[Data records]
= Beginning of Section =
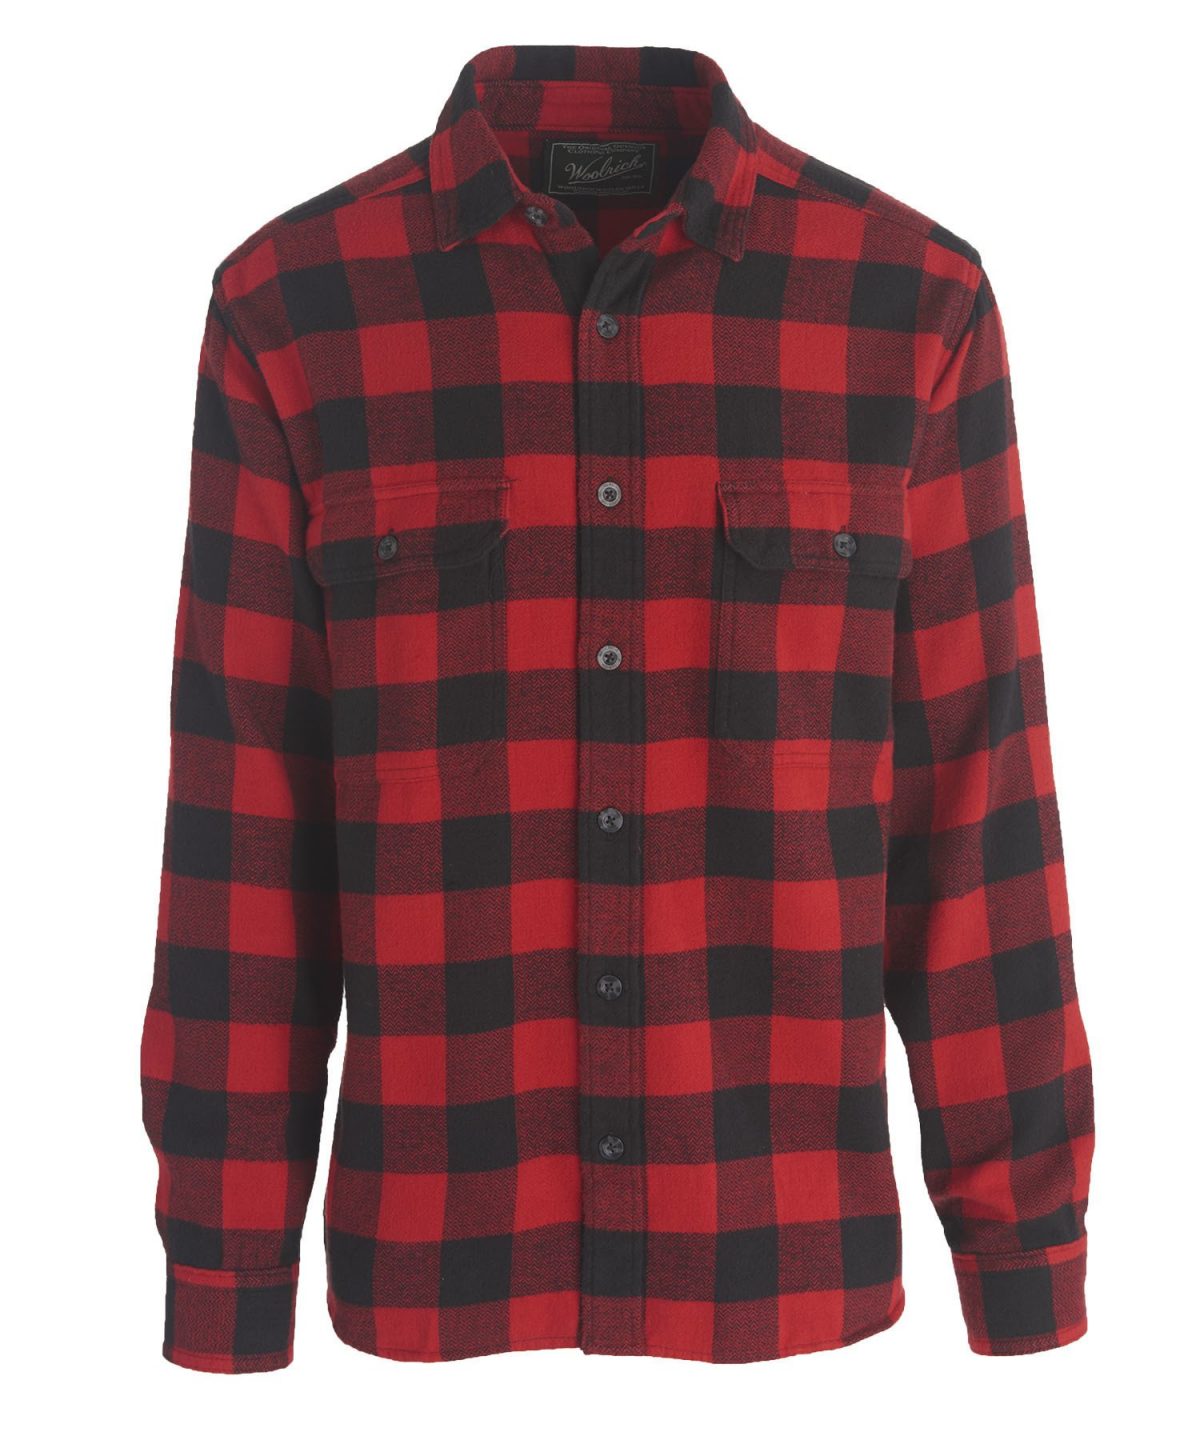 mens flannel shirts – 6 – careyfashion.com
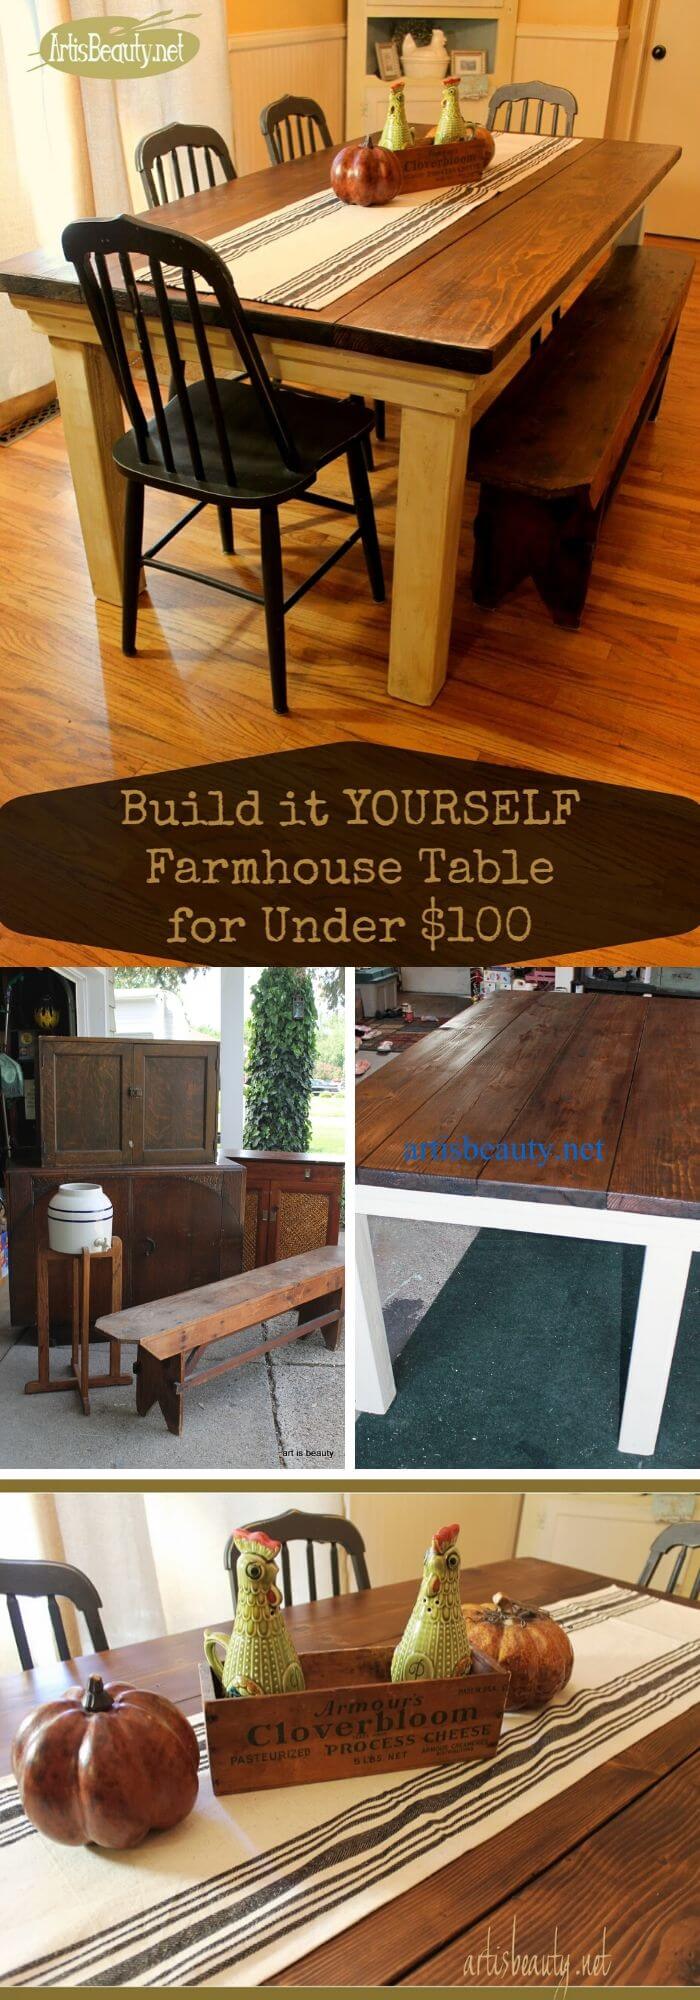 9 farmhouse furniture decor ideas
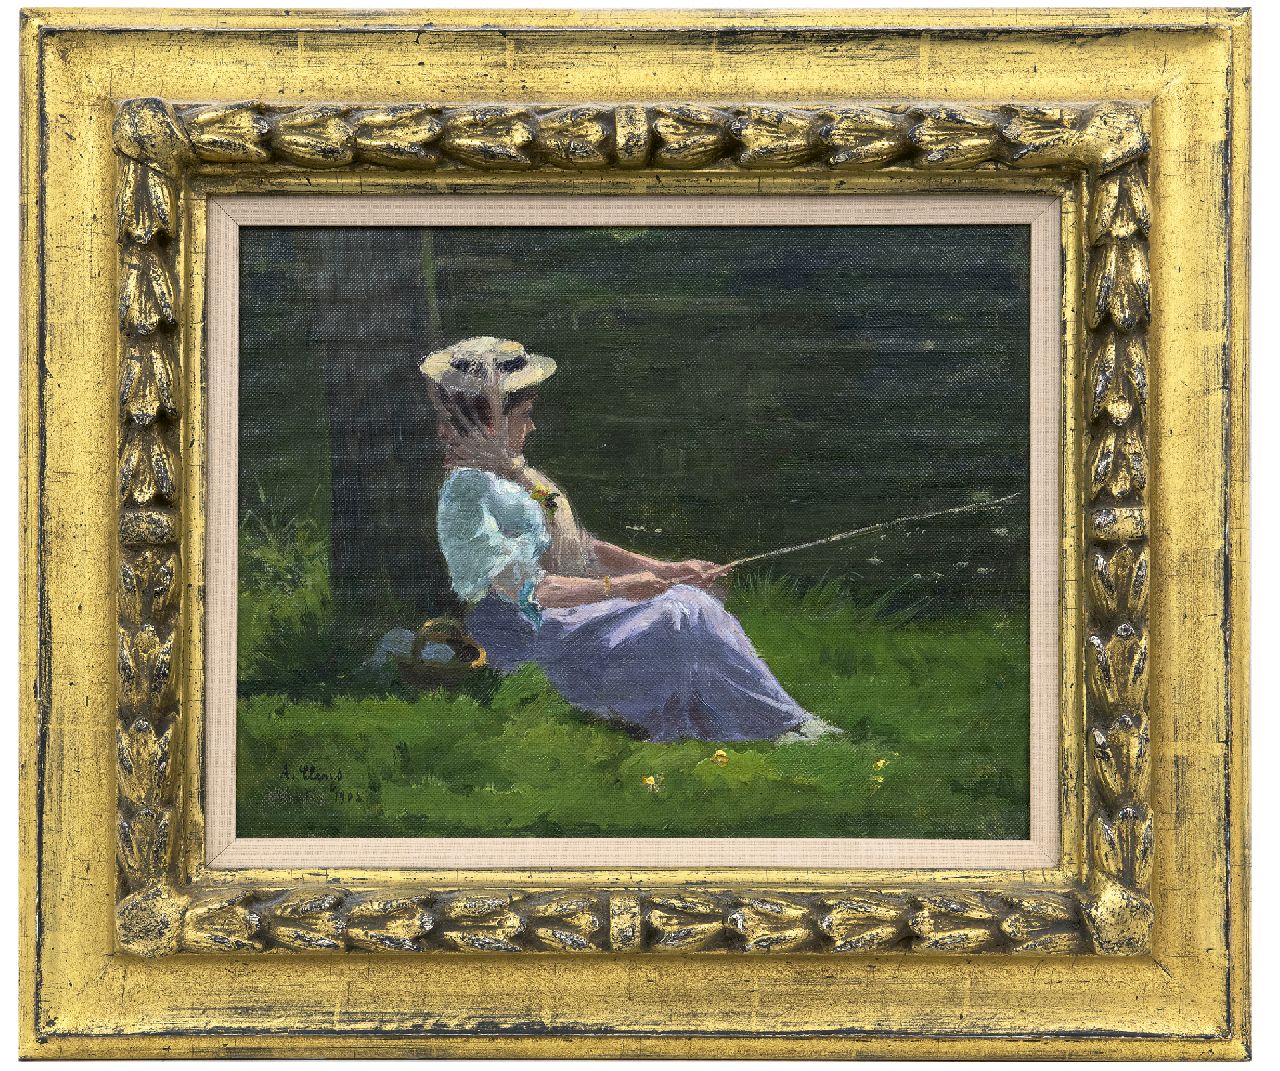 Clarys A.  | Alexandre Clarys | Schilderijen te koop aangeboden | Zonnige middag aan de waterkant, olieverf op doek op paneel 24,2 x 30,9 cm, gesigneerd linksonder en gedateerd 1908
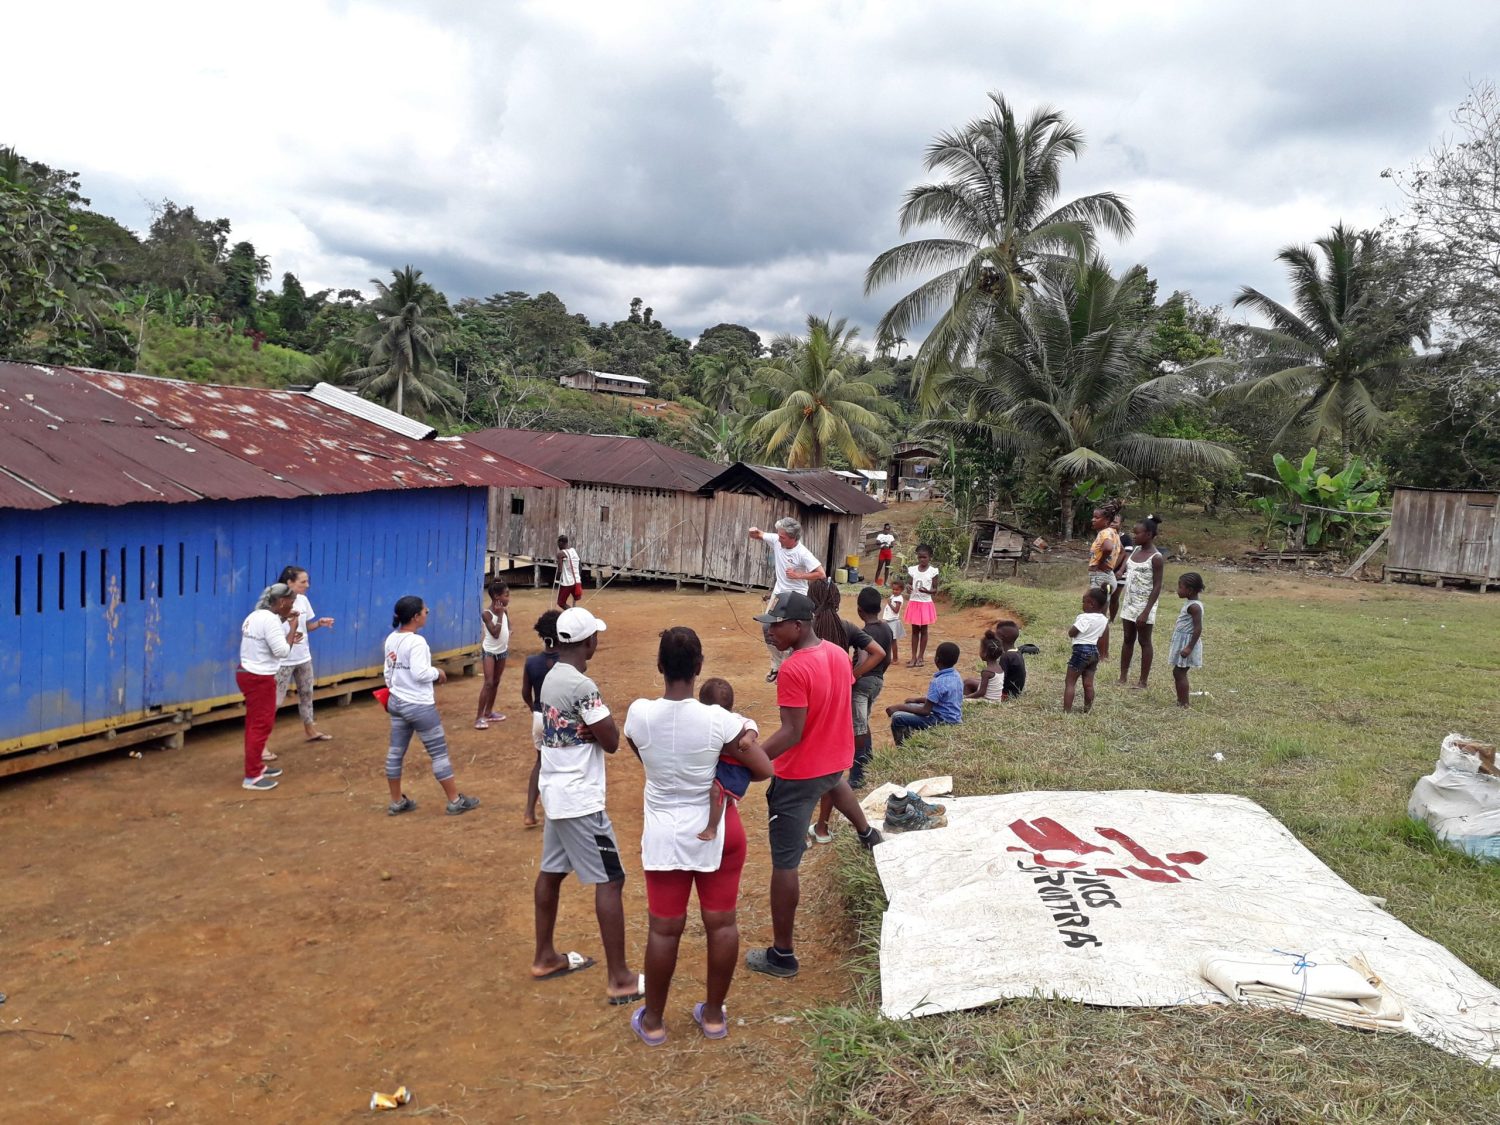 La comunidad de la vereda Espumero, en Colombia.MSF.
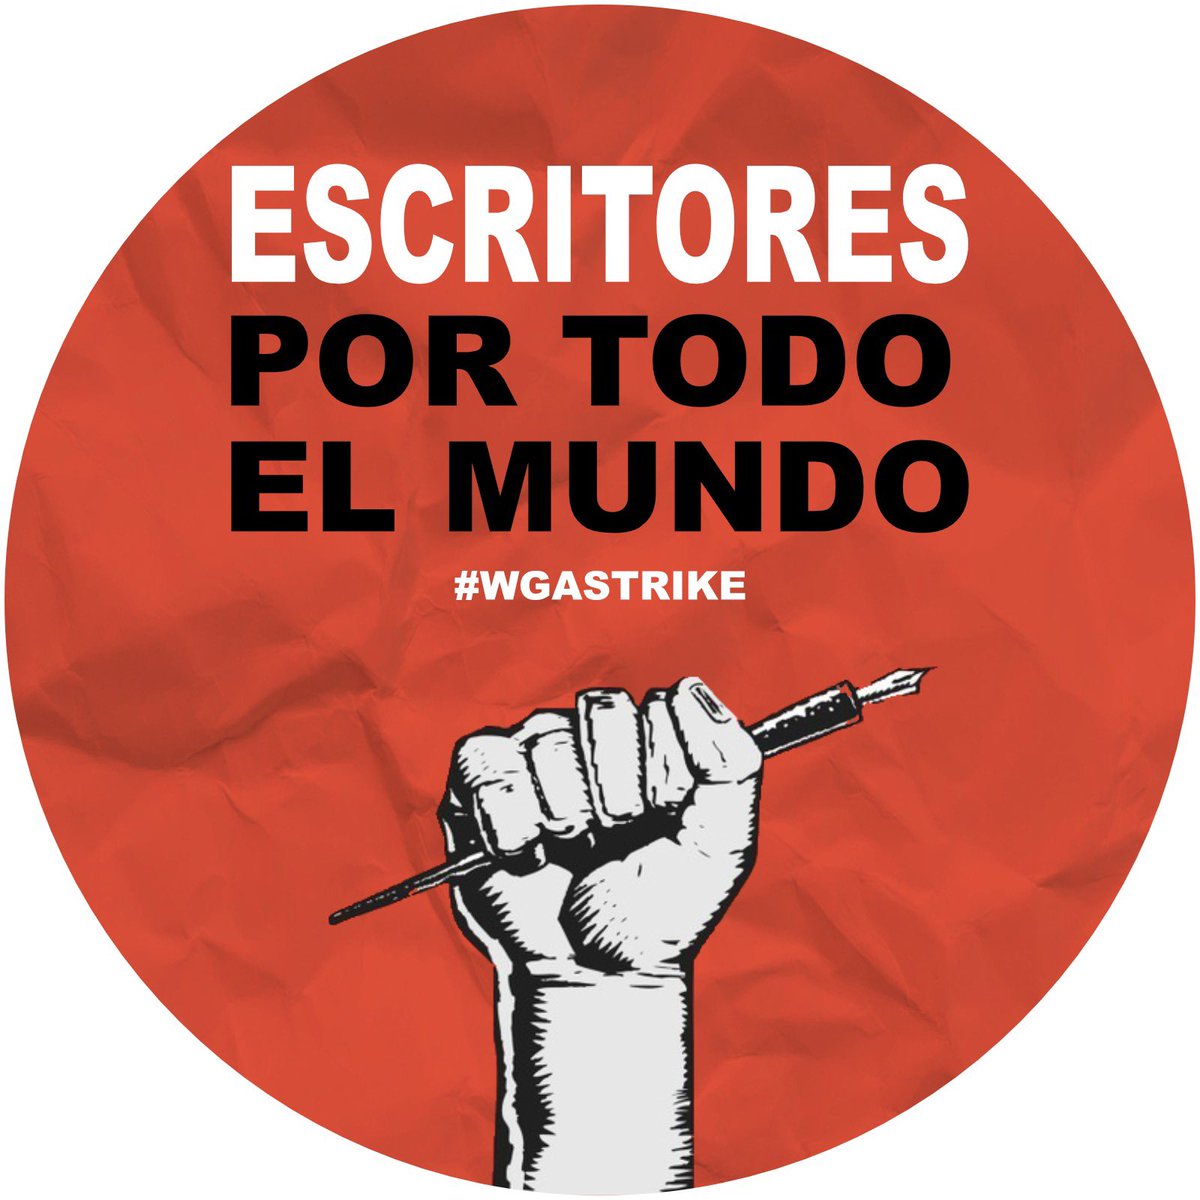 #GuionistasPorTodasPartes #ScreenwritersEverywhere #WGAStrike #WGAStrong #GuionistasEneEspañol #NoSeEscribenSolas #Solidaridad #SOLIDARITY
= End of Section =
**DIRECTIONS FOR THIS TASK:**
Set down exactly the lines from the start of the records through the line containing "La comunidad de", both included, and omit the pictures.

**RESPONSE TO THE TASK:**
 mens flannel shirts – 6 – careyfashion.com
 9 farmhouse furniture decor ideas
 Clarys A.  | Alexandre Clarys | Schilderijen te koop aangeboden | Zonnige middag aan de waterkant, olieverf op doek op paneel 24,2 x 30,9 cm, gesigneerd linksonder en gedateerd 1908
 La comunidad de la vereda Espumero, en Colombia.MSF.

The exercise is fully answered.